## [YOUR ASSIGNMENT]
Write out the full listing exactly as given, minus the images.

## [RECORDED DATA]
-------

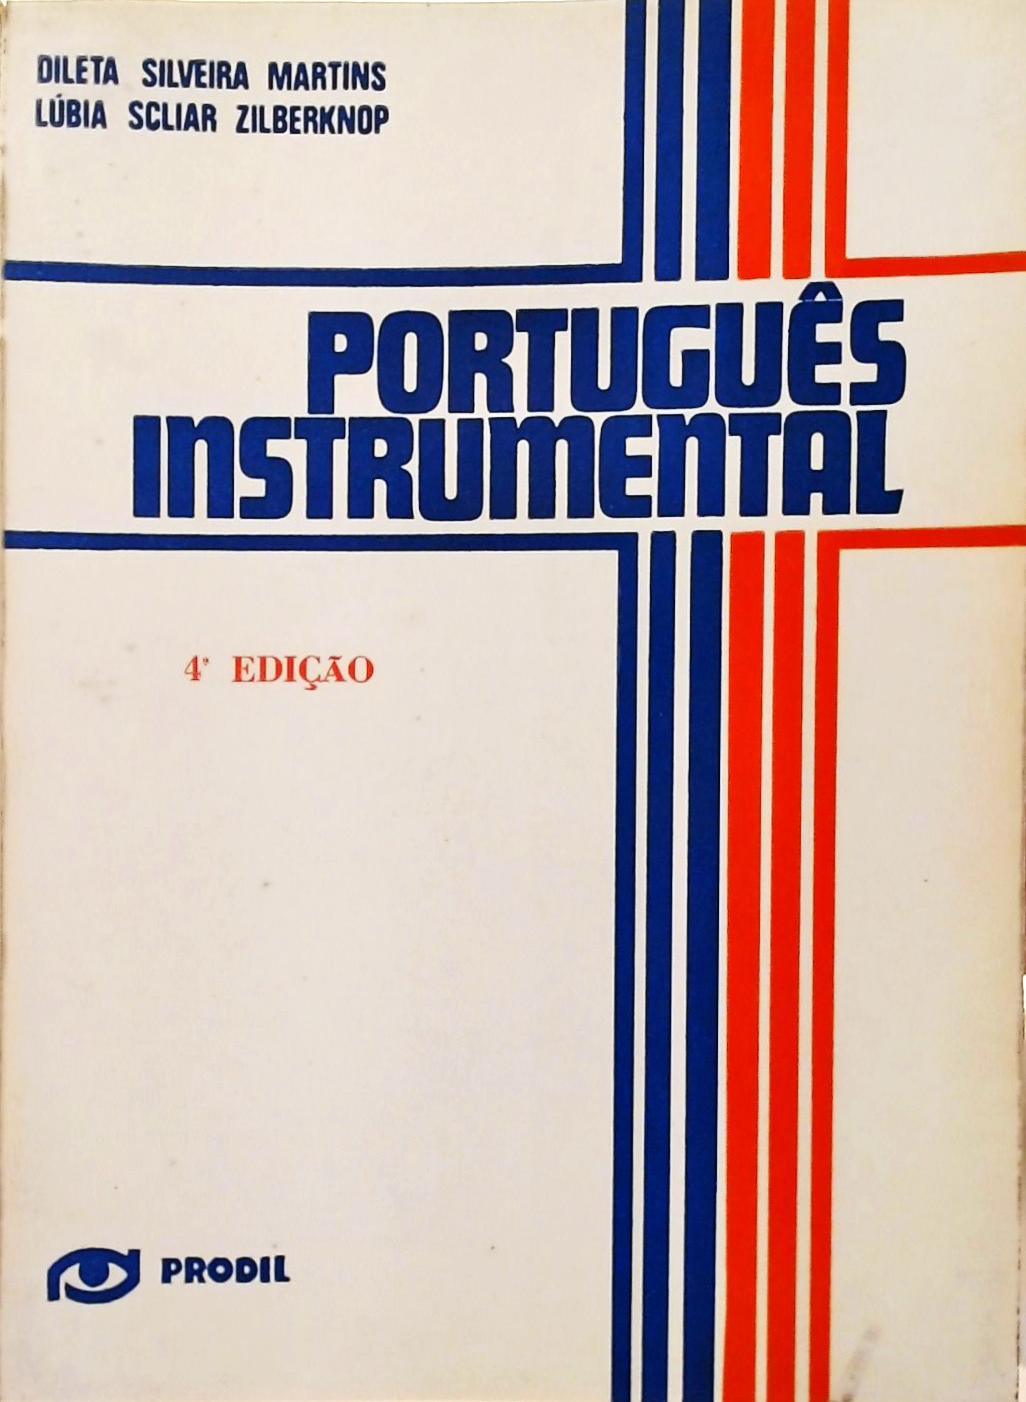 Português Instrumental (1989)
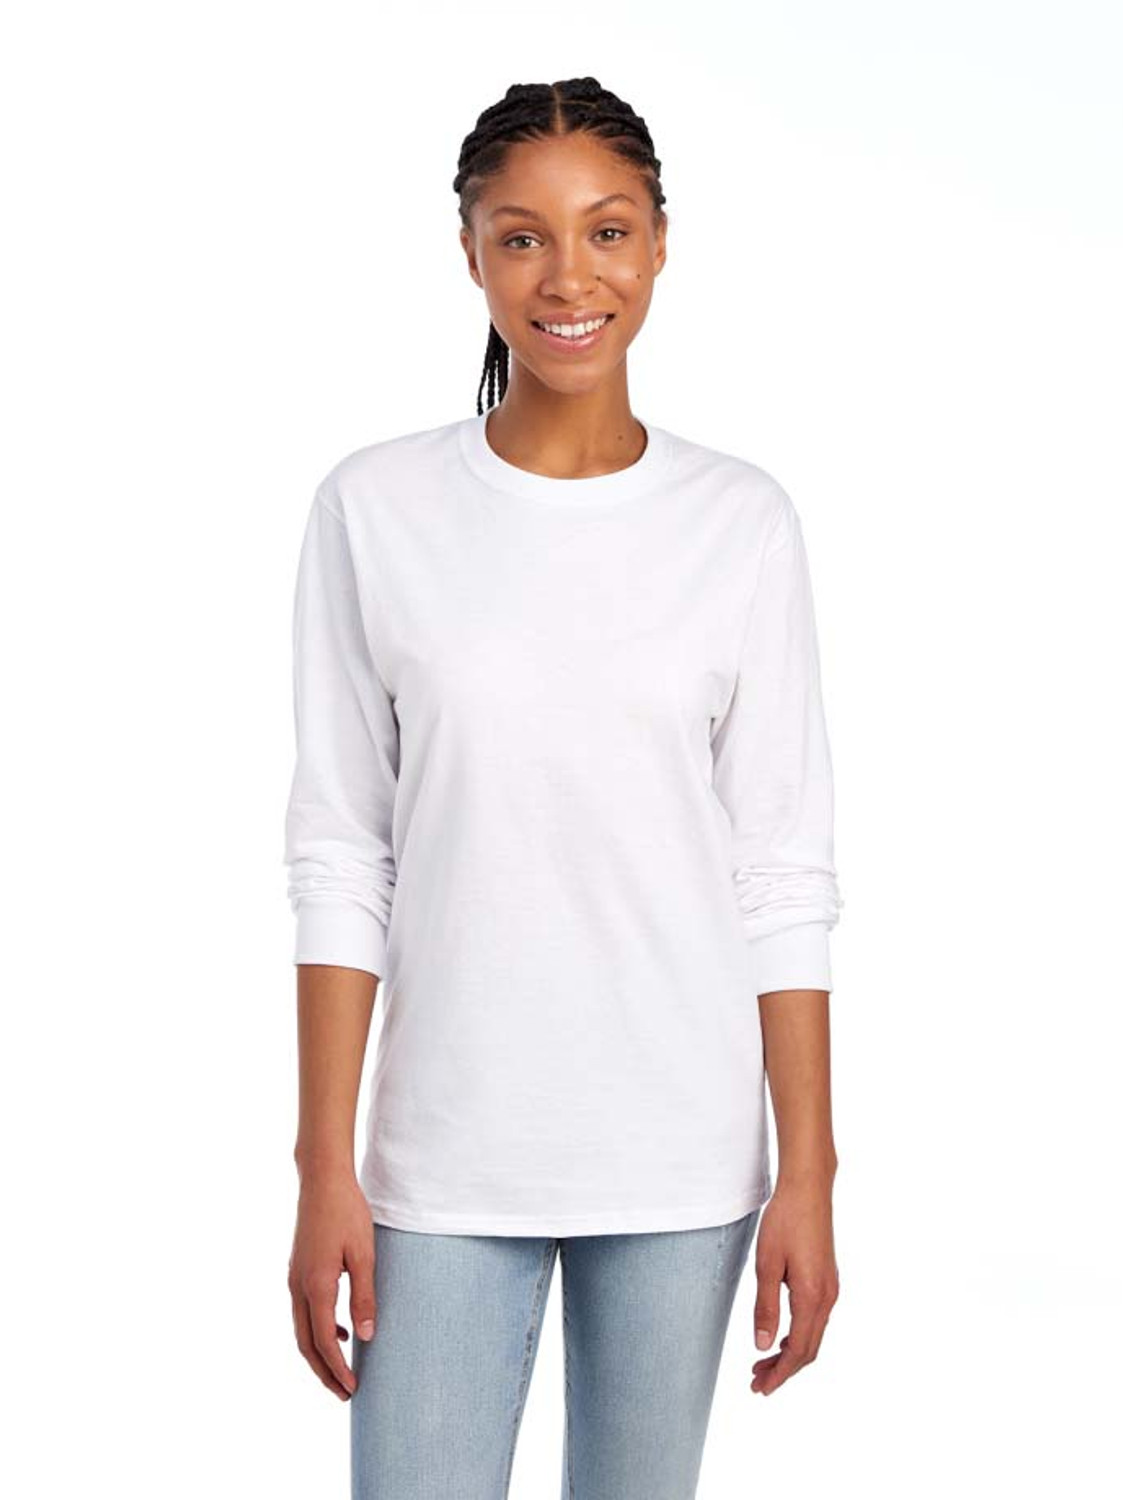 Stylish Full Sleeve Cotton Printed Top Tshirt –
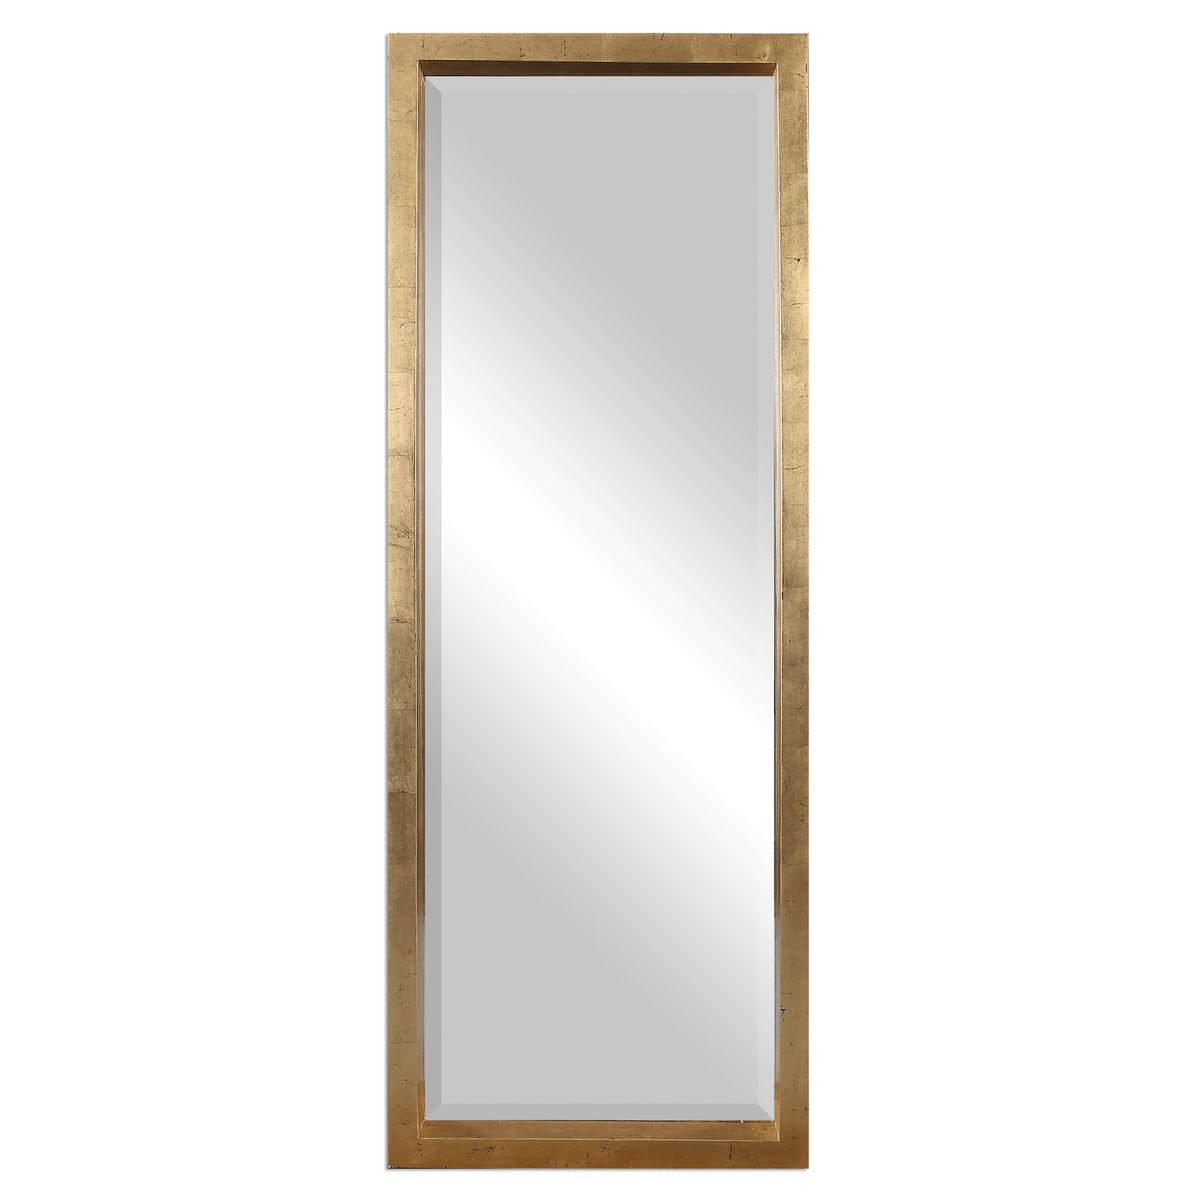 Edmonton Gold Leaner Mirror
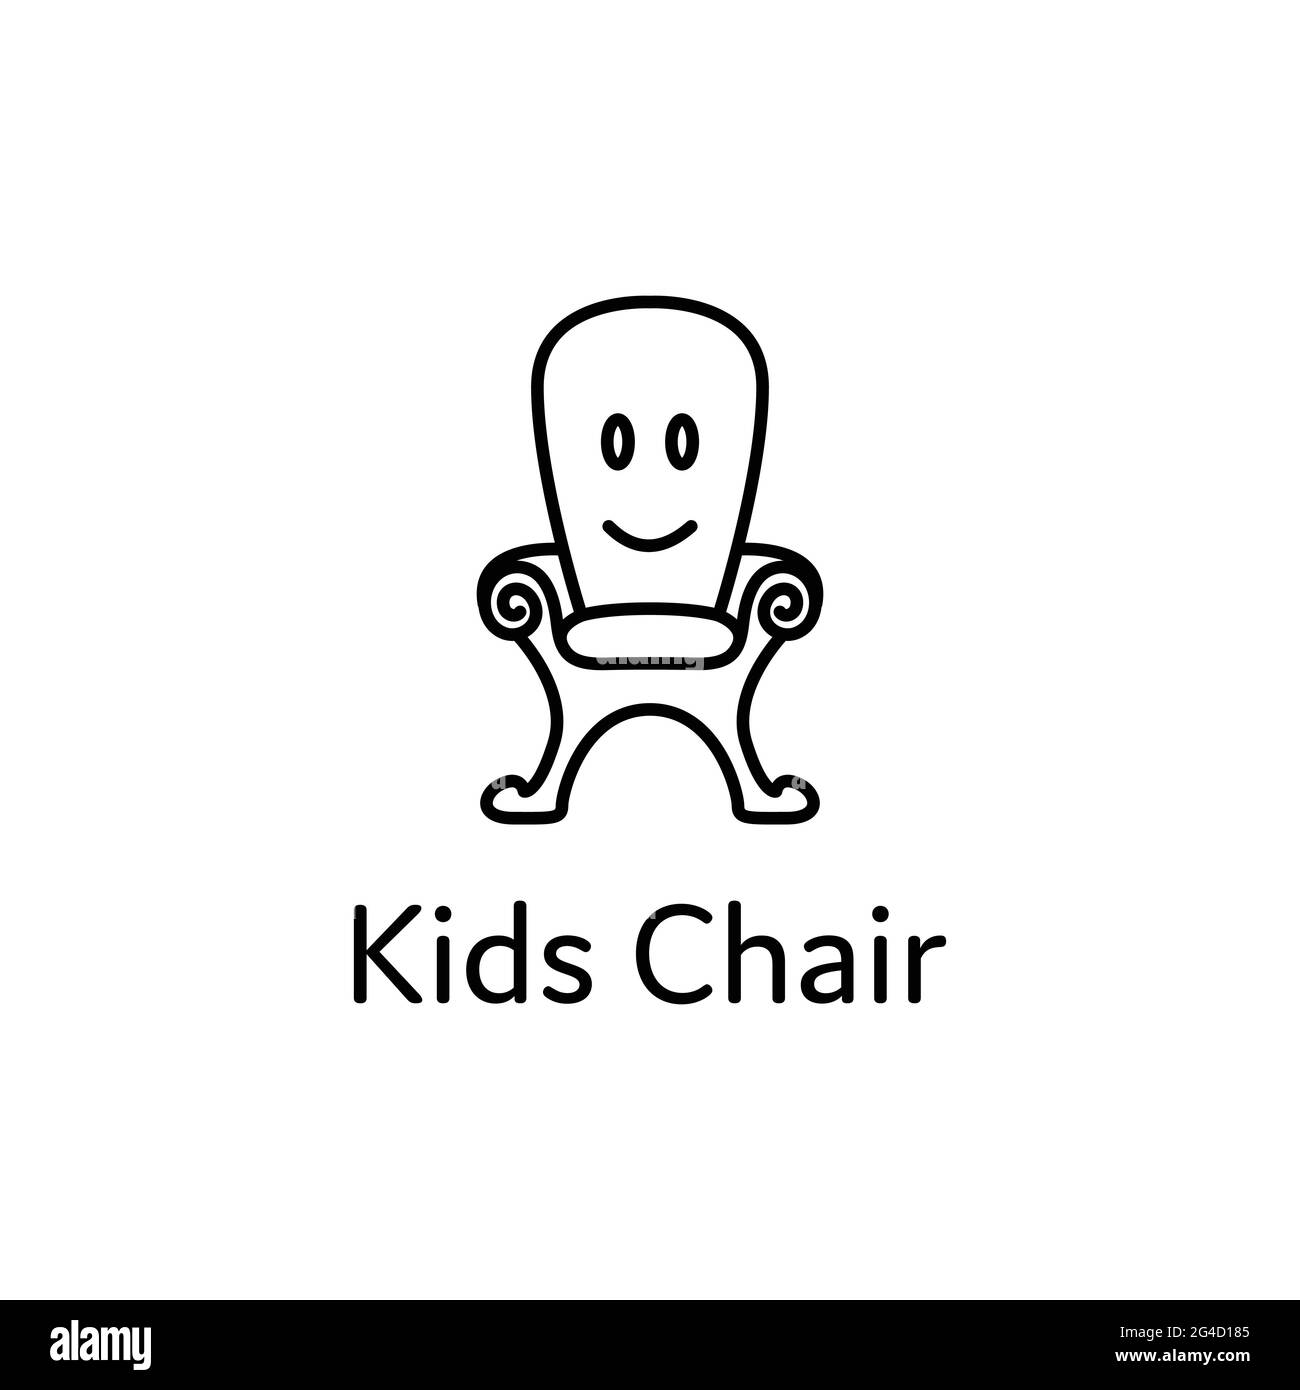 interior logo kids chair design monoline style room decoration vector ...

-------

## [WRITTEN SOLUTION]
 Português Instrumental (1989)
 Stylish Full Sleeve Cotton Printed Top Tshirt –
 Edmonton Gold Leaner Mirror
 interior logo kids chair design monoline style room decoration vector ...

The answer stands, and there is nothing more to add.